The brain contains more zinc than virtually any other organ in the body. Concentrations are particularly high in the hippocampus, the region most directly associated with memory formation, and in the prefrontal cortex.
This is not coincidental. Zinc is an essential cofactor for over 300 enzymes and a structural component of hundreds of proteins involved in gene expression and cellular signalling. In the brain specifically, it plays regulatory roles in glutamate transmission, GABA function, BDNF activity, and neurogenesis that place it among the most functionally important trace minerals for cognitive performance.
Yet zinc deficiency, or more commonly, sub-optimal zinc status that doesn’t meet clinical deficiency criteria but impairs function, is far more prevalent than most people realise.
Zinc’s Roles in Neural Function
Synaptic Zinc and Glutamate Signalling
Zinc is co-released with glutamate from certain excitatory synapses in the brain, particularly in the hippocampus. This synaptic zinc acts as a modulator of NMDA and AMPA receptors, fine-tuning the strength and timing of excitatory signals.
The precision of this modulation is central to synaptic plasticity: the strengthening and weakening of synaptic connections that underlies memory encoding. Too little synaptic zinc disrupts this regulation. Research in zinc-deficient animals consistently shows impaired hippocampal plasticity and spatial memory deficits.
BDNF and Neurogenesis
Brain-derived neurotrophic factor (BDNF) is the primary growth protein for neurons, often described as Miracle-Gro for the brain. Zinc is required for the maturation and secretion of BDNF, as well as for the function of its primary receptor, TrkB.
BDNF supports the survival of existing neurons, promotes the growth of new synaptic connections, and facilitates adult neurogenesis in the hippocampus. Zinc deficiency impairs BDNF signalling at multiple points in this pathway, with predictable consequences for the plasticity and learning-related processes BDNF governs.
Antioxidant Defence
Zinc is a structural component of superoxide dismutase (SOD), one of the brain’s primary antioxidant enzymes. It also maintains the integrity of metallothioneins, proteins that bind and neutralise reactive metals like copper and iron that can generate damaging free radicals in neural tissue.
Adequate zinc status is therefore important not just for active neural signalling but for protecting the structural integrity of neurons against oxidative damage over time.
Zinc and Cognitive Function: The Evidence
In zinc-deficient populations, studied extensively in regions with low dietary zinc, deficiency is associated with impaired attention, learning, and memory, as well as increased rates of depression and anxiety. Supplementation in these contexts consistently improves cognitive outcomes.
In Western populations, where overt deficiency is less common but sub-optimal status is widespread, the picture is more nuanced. Observational studies find associations between lower plasma zinc and poorer cognitive performance, particularly in older adults. Interventional research has found improvements in memory and attention following zinc supplementation in older adults with low baseline levels.
The mood connection is also supported by research. Multiple studies have found associations between low zinc and depression, with meta-analyses of supplementation trials showing reductions in depressive symptoms. The proposed mechanism involves zinc’s regulatory role in glutamate and GABA systems, both of which are implicated in mood disorders.
Who Is Most at Risk of Sub-Optimal Zinc Status
Zinc is found primarily in animal products, oysters contain more zinc per serving than any other food, with red meat and shellfish also being rich sources.
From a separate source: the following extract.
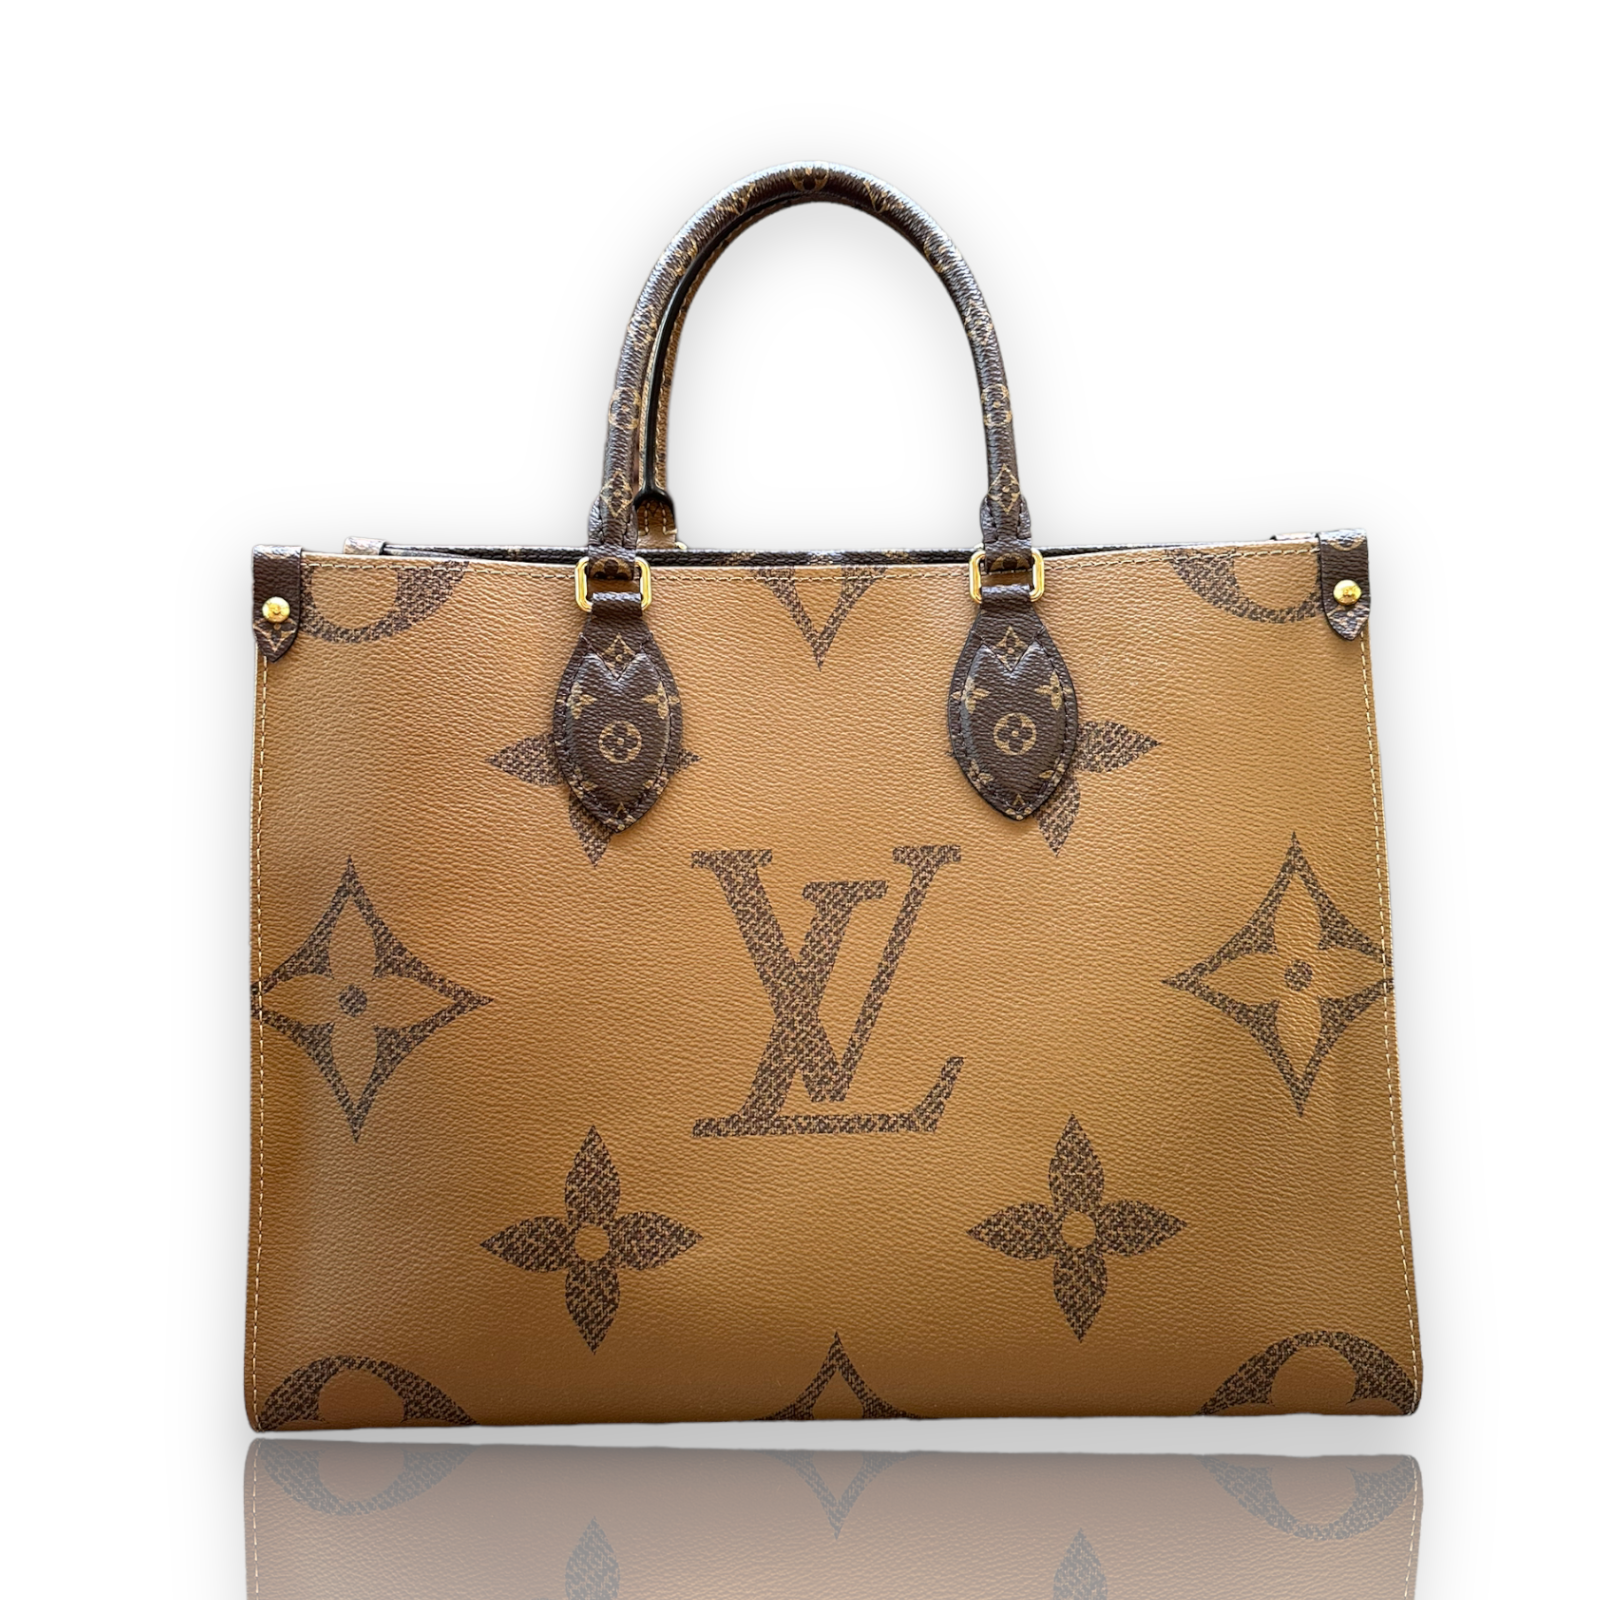 Sell Louis Vuitton Handbags - Get Cash Online Today
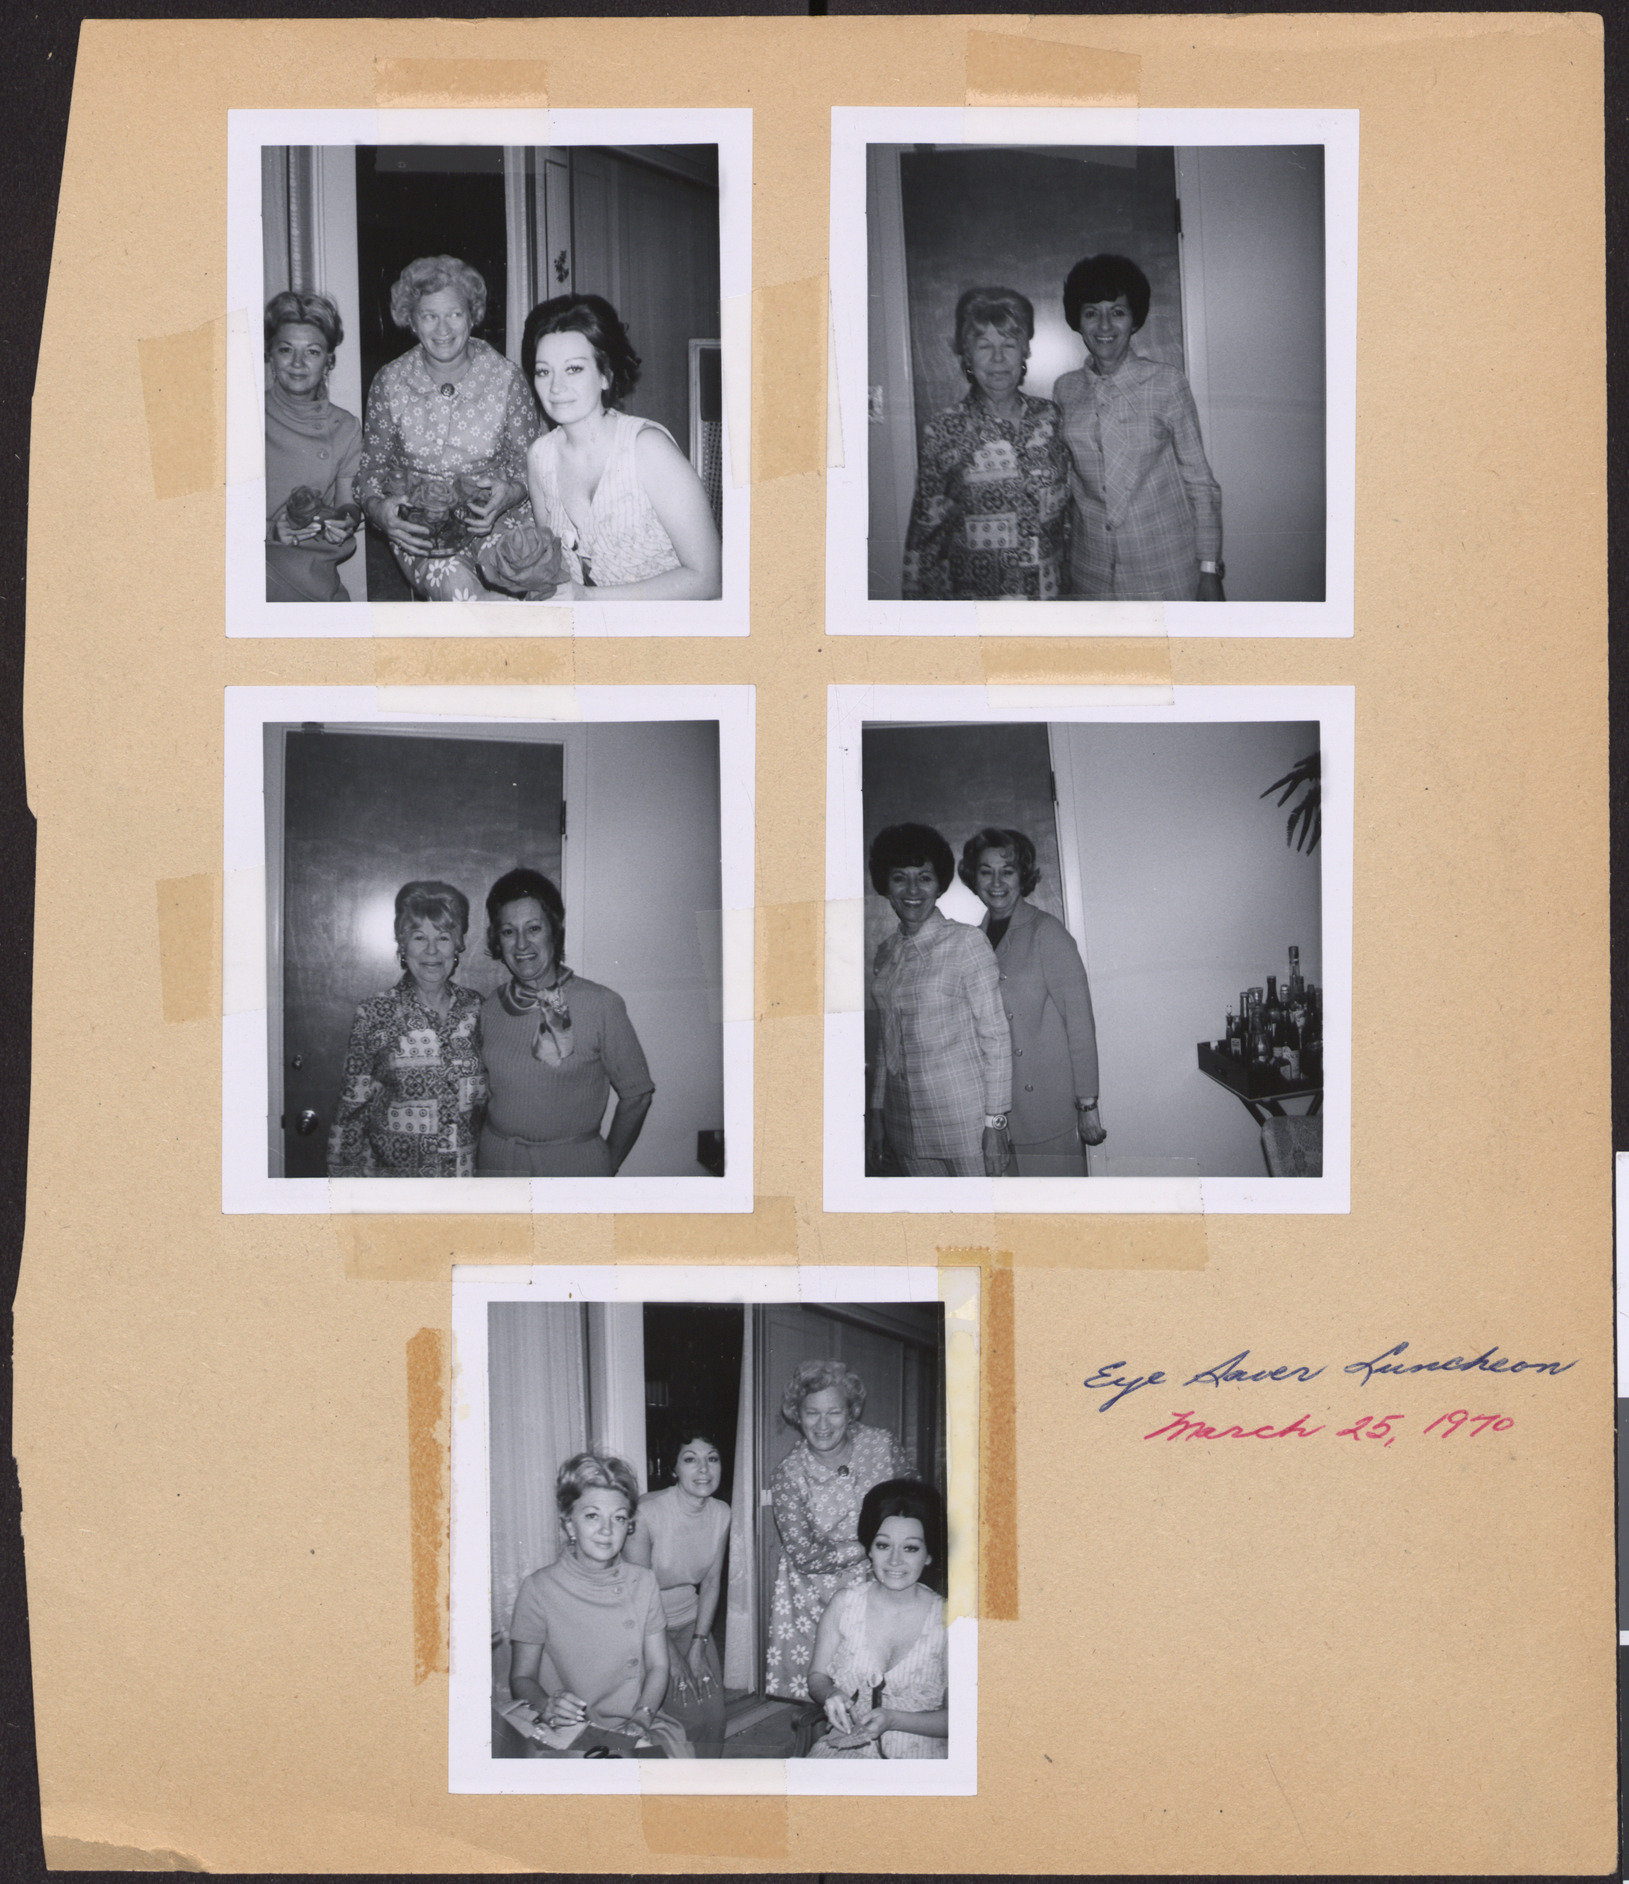 Photographs of Hadassah Eye Saver Luncheon, March 25, 1970

Plant foods contain zinc, but also phytates, compounds in grains and legumes that bind zinc and significantly reduce its absorption.
This makes people following plant-based diets particularly susceptible to low zinc status, even when dietary zinc intake appears adequate on paper. Phytate-to-zinc ratios in the diet are a more accurate predictor of zinc status than absolute zinc intake.
Other risk factors include: older age (reduced absorption), high alcohol intake (increases excretion), gastrointestinal disorders affecting absorption, and chronic use of medications including some diuretics and ACE inhibitors.
Supplementation and Forms
Zinc supplementation is widely available and generally well-tolerated at moderate doses. Several forms differ meaningfully in bioavailability.
→ Zinc glycinate and zinc bisglycinate: among the best-absorbed forms, with minimal gastrointestinal side effects. Generally the preferred choice for supplementation.
→ Zinc citrate: good bioavailability, widely available.
→ Zinc gluconate: commonly used in lozenges; moderate bioavailability.
→ Zinc oxide: the most common form in cheap supplements; poor bioavailability. Significantly less effective than other forms.
An important caution: zinc and copper compete for absorption, and high-dose zinc supplementation over time can deplete copper status, itself an important mineral for neurological function. Long-term zinc supplementation above 25-40mg daily should generally include a small amount of copper (1-2mg) to maintain balance. This interaction is well-established in the research and frequently overlooked in supplementation guidance.
This article is for educational purposes only and does not constitute medical advice. Consult a qualified healthcare professional before beginning any supplement protocol.